# One coin chosen between a biased coin and a fair coin, and is tossed n times. Find probability of having gotten the biased coin.

In a different question, I had asked for clarification on the following problem where I wanted to just understand the problem. Now, I have attempted it and wish to know if my solution is right.

Problem statement:

A drawer contains two coins. One is an unbiased coin, which when tossed, is equally likely to turn up heads or tails. The other is a biased coin, which will turn up heads with probability $$p$$ and tails with probability $$1 − p$$. One coin is selected (uniformly) at random from the drawer. Two experiments are performed:

a) The selected coin is tossed $$n$$ times. Given that the coin turns up heads $$k$$ times and tails $$n − k$$ times, what is the probability that the coin is biased?

b) The selected coin is tossed repeatedly until it turns up heads $$k$$ times. Given that the coin is tossed $$n$$ times in total, what is the probability that the coin is biased?

My attempt:

a) Let $$F$$ be the set of outcomes where I have chosen the fair coin, and $$B$$ be the set of outcomes where I have chosen the biased coin. Let $$A_k$$ be the set of outcomes where I tossed $$n$$ times and got $$k$$ heads. I need to find $$P(B|A_k)$$.

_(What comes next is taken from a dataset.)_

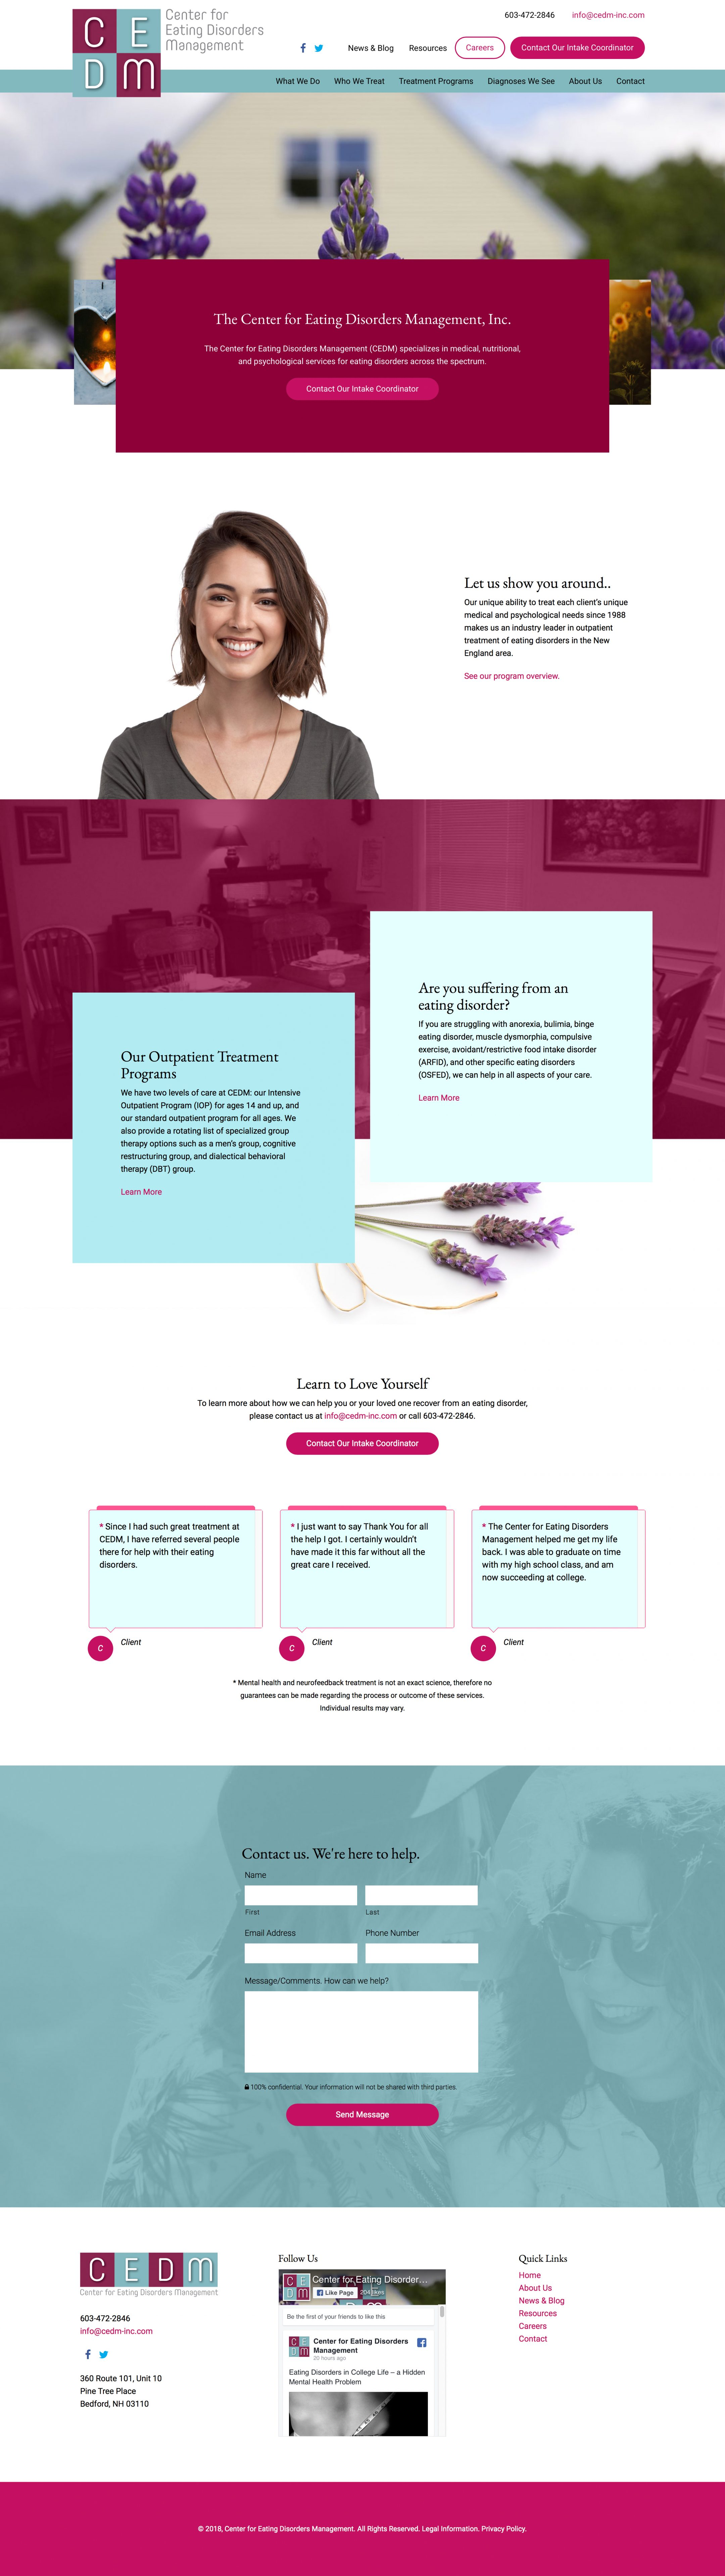 cedm-inc.com home page

$$P(A_k \cap F) = \frac{1}{2} {{n}\choose{k}}\frac{1}{2^n}$$ $$P(A_k \cap B) = \frac{1}{2} {{n}\choose{k}}p^k (1-p)^{n-k}$$ Since $$F$$ and $$B$$ partition the sample space, we have

$$P(A_k) = \frac{1}{2}{{n}\choose{k}} \left \{ p^k (1-p)^{n-k}+\frac{1}{2^n} \right \}$$

We from Bayes' theorem know that

$$P(B|A_k)=\frac{P(A_k|B)}{P(A_k)}$$

Hence we get

$$P(B|A_k)=\frac{p^k (1-p)^{n-k}}{p^k (1-p)^{n-k}+\frac{1}{2^n}}$$

b) In this case, we keep tossing till we get $$k$$ heads. Now this means that the last toss is a head. Now we know that we had to toss $$n$$ times to get $$k$$ heads.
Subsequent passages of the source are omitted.